3 Steps to Claiming the Maximum Monthly Social Security Benefit of $ 3,895

The typical Social Security senior receives $ 1,543 per month. And while that sum, combined with distributions from a retirement savings plan, can make for a comfortable lifestyle, not everyone has a pile of money in an IRA or 401 (k).
The good news, however, is that while the average beneficiary today collects $ 1,543 per month in Social Security, you have the potential to collect much more. In fact, if you play your cards right, you could end up with as much as $ 3,895 per month, which is the maximum benefit you can get this year.
Here are three steps to claiming the highest Social Security benefit possible – and enjoying much more financial freedom during your retirement years.
Image source: Getty Images.
1. Increase your income as much as you can
The social security benefit to which you are entitled is neither arbitrary nor universal. Rather, it is based on your specific salary history. And so the more money you earn, the higher your profit will be.
Now, to get the maximum social security benefits, you will need to earn the maximum salary subject to social security taxes. Each year, a salary cap is put in place to determine the amount of income taxed for social security purposes. In 2020, it was $ 137,700. This year, it’s $ 142,800.
Once your income exceeds this salary cap, it is no longer taken into account for Social Security purposes – and neither is it taxed. In other words, as long as you earn $ 142,800 this year, you will be preparing for the maximum retirement benefit.
One thing you need to know is that it’s not just your salary that counts towards the salary cap. If you make $ 130,000 a year but earn $ 12,800 more with a side job, that puts you at $ 142,800 for Social Security purposes.
Of course, not everyone will manage to earn an income equal to or greater than the annual Social Security salary cap. But if you’re at dawn, doing a little side work might get you there.
2. Work at least 35 years
Your career can last well over 35 years if you start working in your early twenties and continue until your late sixties. But it is only your best paid 35 years of work that counts when calculating your social security benefit.

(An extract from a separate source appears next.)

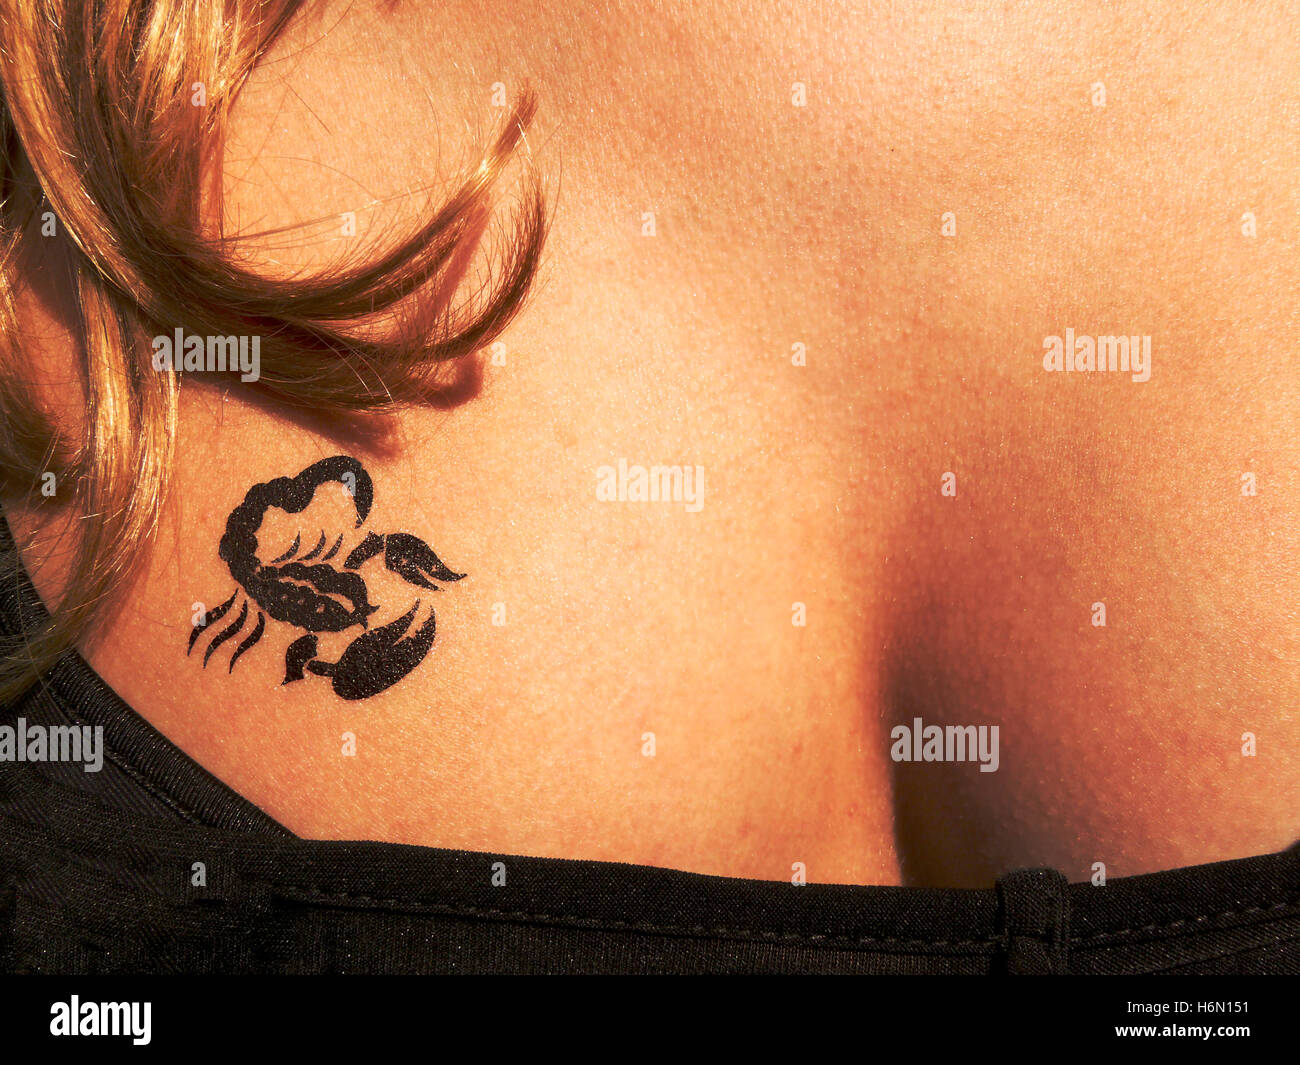 tattoo Stock Photo

What this does mean, however, is that it’s important to work 35 full years, even if you have a higher income. Otherwise, for each year you miss an income, you will have a $ 0 factored into your benefit calculation, which will leave you with a lower monthly benefit in retirement.
3. Delay your deposit as long as possible
Even if your annual income meets or exceeds the Social Security salary cap, that is not enough to get the highest possible monthly benefit. To do this, you will also need to delay your deposit beyond full retirement age.
Full retirement age is when you can claim your full monthly benefit. If you were born in 1960 or later, this age is 67. Otherwise it’s 66, or 66 and a number of months.
For each year that you delay filing after full retirement age, your benefits increase by 8%, up to age 70. At this point, you can no longer accumulate deferred retirement credits. But if you don’t claim any benefits until age 70, you could walk away with $ 3,895 a month.
Claiming the maximum of $ 3,895 per month in Social Security benefits is not an easy thing to do. But even if you fail to withdraw $ 3,895 per month from Social Security, these steps could help you get a higher benefit for life. And it’s a great way to give yourself financial peace of mind for retirement.